Greater attention to reliability

Today's post contains a long discussion of reliability, starting with this promise: “Across the operating system, we will focus on improving … baseline reliability [and] strengthening the Windows foundation by reducing OS level crashes, improving driver quality and app stability across our ecosystem so PCs run smoothly and reliably every day.”

That sounds great, but isn't that what they were already supposed to be focusing on every day already?

I'm especially interested to see a renewed emphasis on the Windows Insider Program. As I wrote almost a year ago, that once-groundbreaking program has become a “confusing mess.”

Also: 3 ways I safely retire every Windows PC – and why you shouldn't skip these critical steps

Pavuluri says the company plans to “[raise] the quality bar for builds and [offer] clearer visibility into what features are included in each Insider build.”

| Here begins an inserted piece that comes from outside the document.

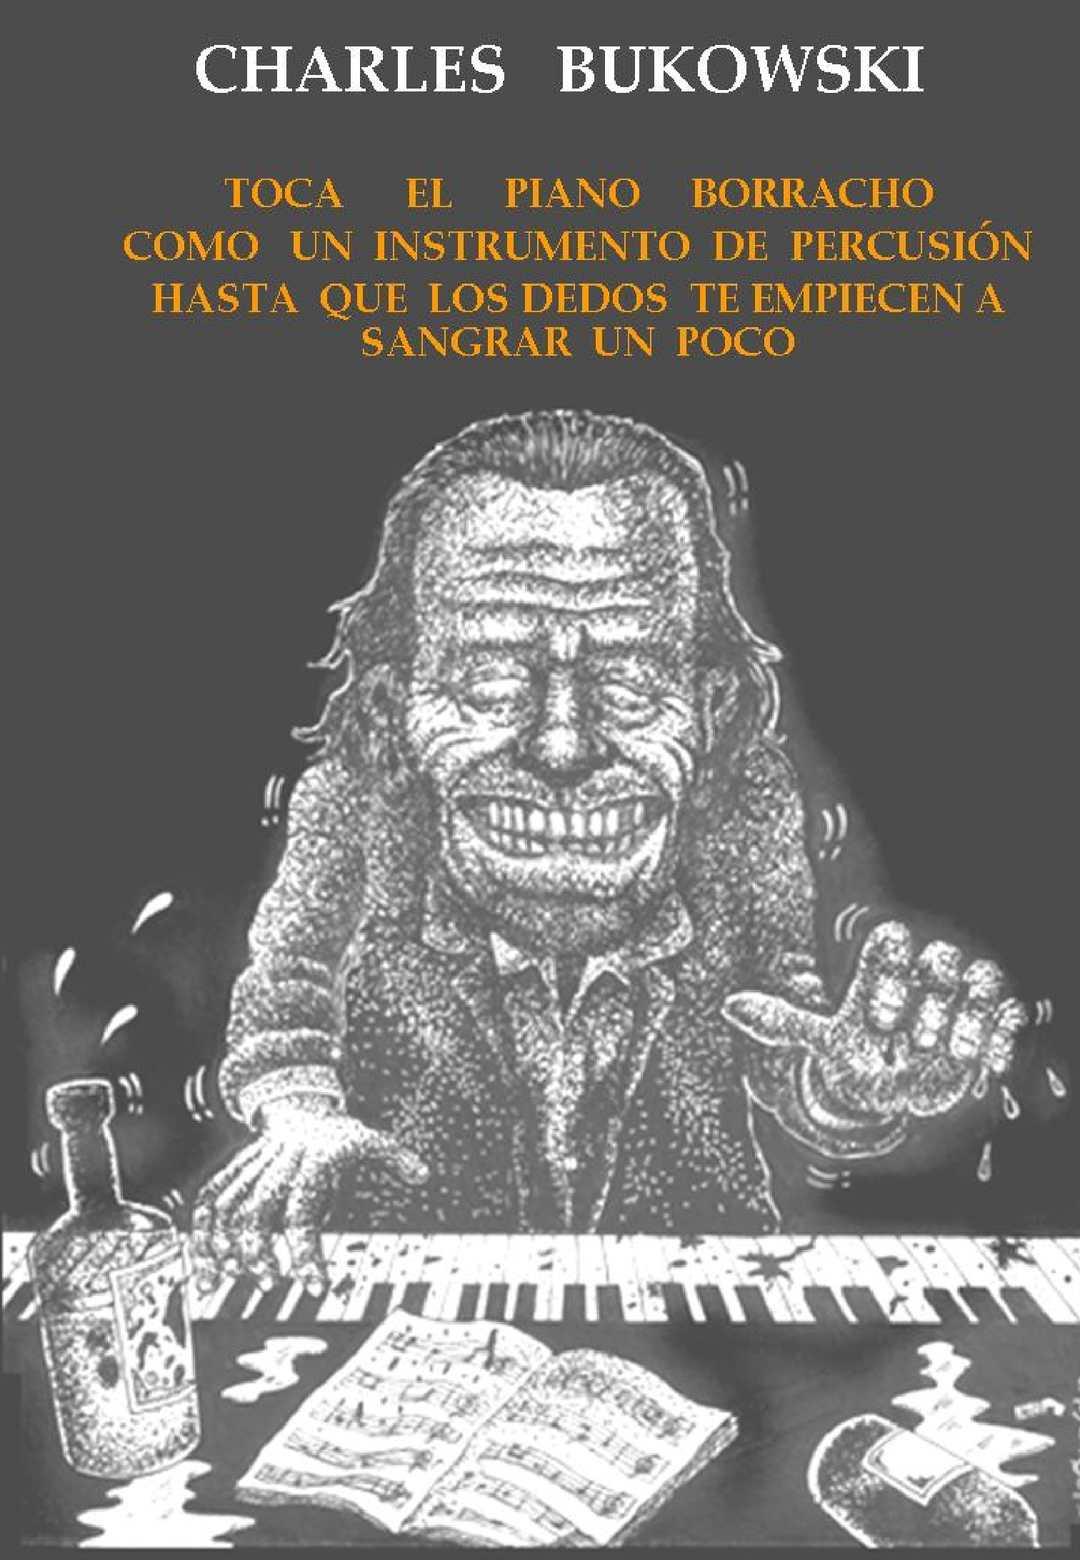 Calaméo Toca El Piano Borracho Charles Bukowski
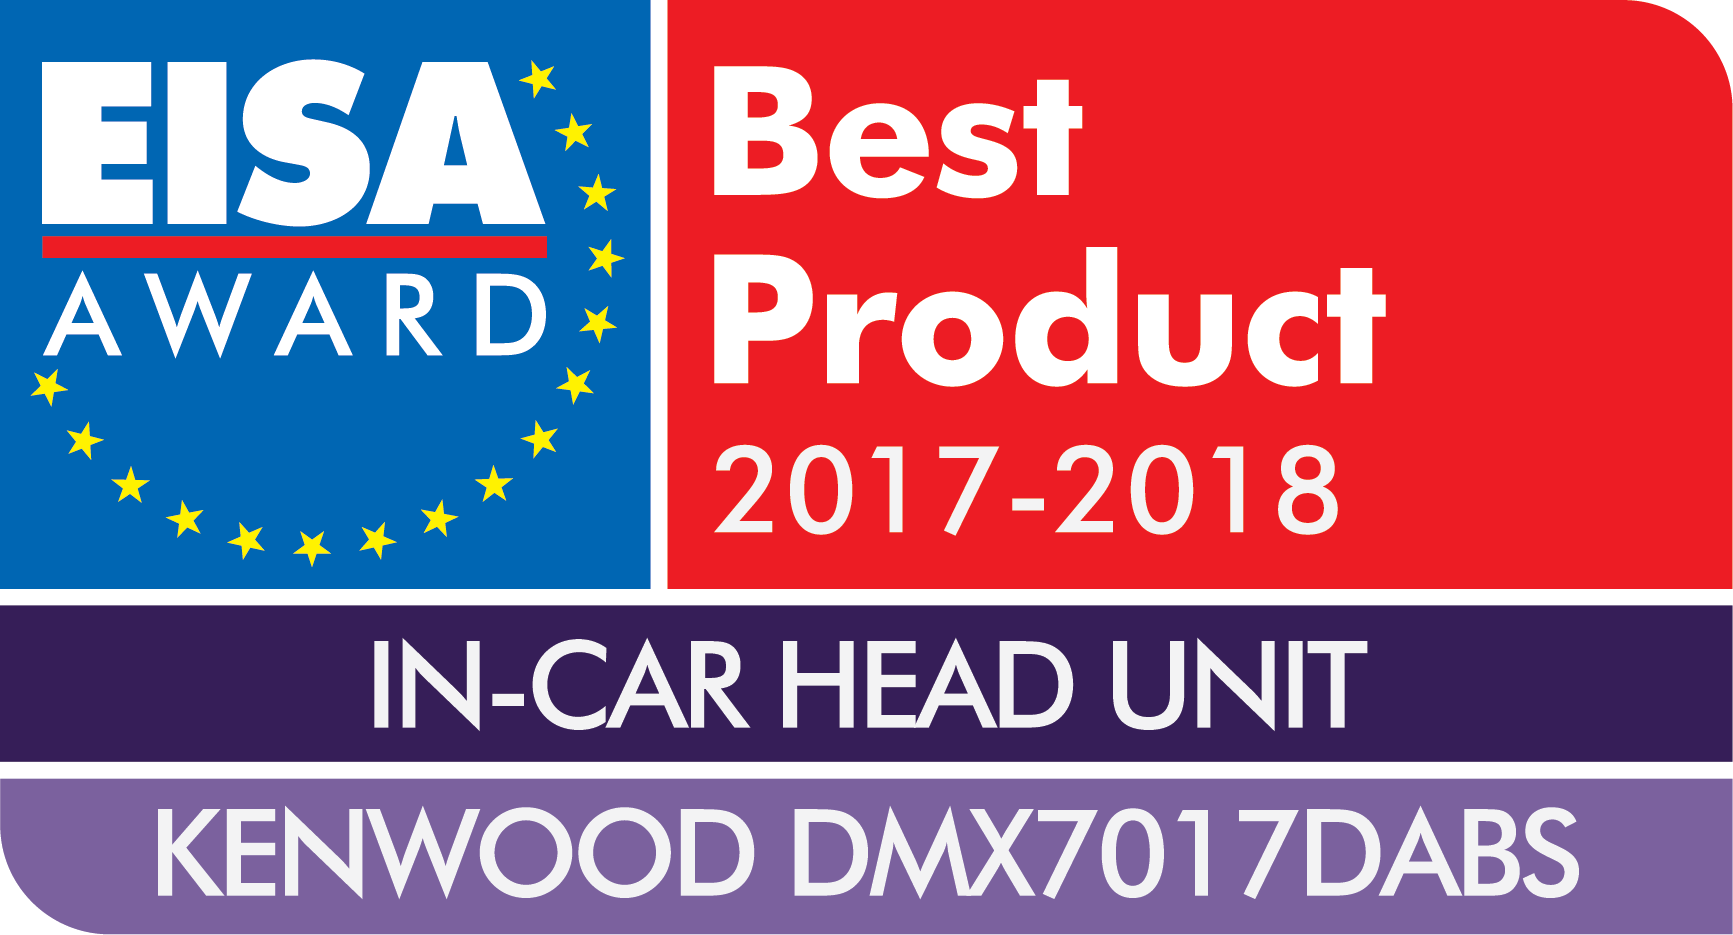 EISA-Award DMX7017DABS

The entire Insider leadership team left the program last year, and I haven't seen a public announcement of any new personnel changes.

And more

The list goes on and on, with improvements promised in Bluetooth and USB connections, printer support, Windows Hello, and search. There's even a promise to make widgets less annoying. (Good luck.)

The post closes with a pretty sweeping promise:

As part of this effort, we are evolving how Windows is built behind the scenes to raise the quality bar and deliver innovation where it matters most, shaped by the feedback we are hearing from you.

This includes deeper validation and broader testing across real-world hardware and usage scenarios before new experiences reach Windows Insiders, and a more intentional approach to where and how new capabilities are introduced. The result will be higher quality builds, more meaningful innovation and greater flexibility in choosing what you want to try. This is how we will continue to build and ship Windows 11, so we can deliver better experiences with greater confidence, month after month.

Also: I've used Windows for decades, but I tried Linux to see if it's truly ‘easy' now – and one thing surprised me

That sounds to me like an admission that the entire process for building Windows has been broken for some time. If you need to raise the quality bar, doesn't that imply that you've been shipping products that don't meet your customers' quality standards? If you're planning broader testing across real-world hardware, doesn't that imply that the testing regime for the past few years has been insufficient?

Meanwhile, a simple “We're sorry” wouldn't hurt.